» EXERCISE DETAILS
What you return should be the full listing, exactly as given.

----- PROVIDED RECORDS -----

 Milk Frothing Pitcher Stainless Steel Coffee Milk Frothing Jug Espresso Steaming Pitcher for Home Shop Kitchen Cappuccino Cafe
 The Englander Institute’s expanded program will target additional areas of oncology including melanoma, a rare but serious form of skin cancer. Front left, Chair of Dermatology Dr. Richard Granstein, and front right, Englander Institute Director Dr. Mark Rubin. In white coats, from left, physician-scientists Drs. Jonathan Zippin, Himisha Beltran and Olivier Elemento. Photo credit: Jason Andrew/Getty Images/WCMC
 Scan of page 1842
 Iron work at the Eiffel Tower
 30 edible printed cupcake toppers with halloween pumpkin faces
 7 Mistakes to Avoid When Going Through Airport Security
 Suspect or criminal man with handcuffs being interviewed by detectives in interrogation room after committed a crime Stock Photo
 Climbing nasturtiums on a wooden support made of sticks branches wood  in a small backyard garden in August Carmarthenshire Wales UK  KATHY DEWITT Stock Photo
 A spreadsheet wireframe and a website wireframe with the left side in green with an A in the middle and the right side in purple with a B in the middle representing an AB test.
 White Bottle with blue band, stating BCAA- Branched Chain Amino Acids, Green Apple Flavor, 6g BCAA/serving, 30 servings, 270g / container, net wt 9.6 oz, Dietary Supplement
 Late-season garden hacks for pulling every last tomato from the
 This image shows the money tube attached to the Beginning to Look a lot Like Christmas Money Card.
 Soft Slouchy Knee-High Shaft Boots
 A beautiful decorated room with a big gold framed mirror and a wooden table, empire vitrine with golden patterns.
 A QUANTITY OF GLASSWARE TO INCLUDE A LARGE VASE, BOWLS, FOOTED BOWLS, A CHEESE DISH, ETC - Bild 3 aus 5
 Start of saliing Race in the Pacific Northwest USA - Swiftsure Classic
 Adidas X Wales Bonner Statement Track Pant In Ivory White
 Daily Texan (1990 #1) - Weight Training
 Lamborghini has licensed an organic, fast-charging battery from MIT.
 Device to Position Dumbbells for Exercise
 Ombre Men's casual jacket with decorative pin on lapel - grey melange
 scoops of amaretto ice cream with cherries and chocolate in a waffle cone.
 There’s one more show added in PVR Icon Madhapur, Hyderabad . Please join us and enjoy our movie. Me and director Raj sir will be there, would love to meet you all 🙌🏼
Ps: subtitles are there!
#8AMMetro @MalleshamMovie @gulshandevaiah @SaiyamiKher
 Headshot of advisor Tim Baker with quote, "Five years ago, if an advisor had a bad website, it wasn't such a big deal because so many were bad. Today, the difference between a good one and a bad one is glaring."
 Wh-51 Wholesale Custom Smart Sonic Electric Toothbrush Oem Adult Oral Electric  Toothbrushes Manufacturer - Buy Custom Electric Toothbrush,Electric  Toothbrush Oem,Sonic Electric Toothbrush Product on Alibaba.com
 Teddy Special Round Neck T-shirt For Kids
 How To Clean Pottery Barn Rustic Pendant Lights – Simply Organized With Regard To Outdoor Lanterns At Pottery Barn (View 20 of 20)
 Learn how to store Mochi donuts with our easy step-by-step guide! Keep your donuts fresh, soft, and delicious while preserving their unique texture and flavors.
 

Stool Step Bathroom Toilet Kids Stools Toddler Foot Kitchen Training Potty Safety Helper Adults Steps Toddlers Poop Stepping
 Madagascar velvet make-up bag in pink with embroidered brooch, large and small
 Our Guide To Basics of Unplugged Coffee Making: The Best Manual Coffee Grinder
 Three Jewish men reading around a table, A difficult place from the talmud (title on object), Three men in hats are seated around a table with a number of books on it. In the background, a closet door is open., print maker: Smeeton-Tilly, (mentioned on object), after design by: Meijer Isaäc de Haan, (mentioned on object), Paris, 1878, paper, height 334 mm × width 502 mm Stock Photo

-----

» ANSWER BOX
 Milk Frothing Pitcher Stainless Steel Coffee Milk Frothing Jug Espresso Steaming Pitcher for Home Shop Kitchen Cappuccino Cafe
 The Englander Institute’s expanded program will target additional areas of oncology including melanoma, a rare but serious form of skin cancer. Front left, Chair of Dermatology Dr. Richard Granstein, and front right, Englander Institute Director Dr. Mark Rubin. In white coats, from left, physician-scientists Drs. Jonathan Zippin, Himisha Beltran and Olivier Elemento. Photo credit: Jason Andrew/Getty Images/WCMC
 Scan of page 1842
 Iron work at the Eiffel Tower
 30 edible printed cupcake toppers with halloween pumpkin faces
 7 Mistakes to Avoid When Going Through Airport Security
 Suspect or criminal man with handcuffs being interviewed by detectives in interrogation room after committed a crime Stock Photo
 Climbing nasturtiums on a wooden support made of sticks branches wood  in a small backyard garden in August Carmarthenshire Wales UK  KATHY DEWITT Stock Photo
 A spreadsheet wireframe and a website wireframe with the left side in green with an A in the middle and the right side in purple with a B in the middle representing an AB test.
 White Bottle with blue band, stating BCAA- Branched Chain Amino Acids, Green Apple Flavor, 6g BCAA/serving, 30 servings, 270g / container, net wt 9.6 oz, Dietary Supplement
 Late-season garden hacks for pulling every last tomato from the
 This image shows the money tube attached to the Beginning to Look a lot Like Christmas Money Card.
 Soft Slouchy Knee-High Shaft Boots
 A beautiful decorated room with a big gold framed mirror and a wooden table, empire vitrine with golden patterns.
 A QUANTITY OF GLASSWARE TO INCLUDE A LARGE VASE, BOWLS, FOOTED BOWLS, A CHEESE DISH, ETC - Bild 3 aus 5
 Start of saliing Race in the Pacific Northwest USA - Swiftsure Classic
 Adidas X Wales Bonner Statement Track Pant In Ivory White
 Daily Texan (1990 #1) - Weight Training
 Lamborghini has licensed an organic, fast-charging battery from MIT.
 Device to Position Dumbbells for Exercise
 Ombre Men's casual jacket with decorative pin on lapel - grey melange
 scoops of amaretto ice cream with cherries and chocolate in a waffle cone.
 There’s one more show added in PVR Icon Madhapur, Hyderabad . Please join us and enjoy our movie. Me and director Raj sir will be there, would love to meet you all 🙌🏼
Ps: subtitles are there!
#8AMMetro @MalleshamMovie @gulshandevaiah @SaiyamiKher
 Headshot of advisor Tim Baker with quote, "Five years ago, if an advisor had a bad website, it wasn't such a big deal because so many were bad. Today, the difference between a good one and a bad one is glaring."
 Wh-51 Wholesale Custom Smart Sonic Electric Toothbrush Oem Adult Oral Electric  Toothbrushes Manufacturer - Buy Custom Electric Toothbrush,Electric  Toothbrush Oem,Sonic Electric Toothbrush Product on Alibaba.com
 Teddy Special Round Neck T-shirt For Kids
 How To Clean Pottery Barn Rustic Pendant Lights – Simply Organized With Regard To Outdoor Lanterns At Pottery Barn (View 20 of 20)
 Learn how to store Mochi donuts with our easy step-by-step guide! Keep your donuts fresh, soft, and delicious while preserving their unique texture and flavors.
 

Stool Step Bathroom Toilet Kids Stools Toddler Foot Kitchen Training Potty Safety Helper Adults Steps Toddlers Poop Stepping
 Madagascar velvet make-up bag in pink with embroidered brooch, large and small
 Our Guide To Basics of Unplugged Coffee Making: The Best Manual Coffee Grinder
 Three Jewish men reading around a table, A difficult place from the talmud (title on object), Three men in hats are seated around a table with a number of books on it. In the background, a closet door is open., print maker: Smeeton-Tilly, (mentioned on object), after design by: Meijer Isaäc de Haan, (mentioned on object), Paris, 1878, paper, height 334 mm × width 502 mm Stock Photo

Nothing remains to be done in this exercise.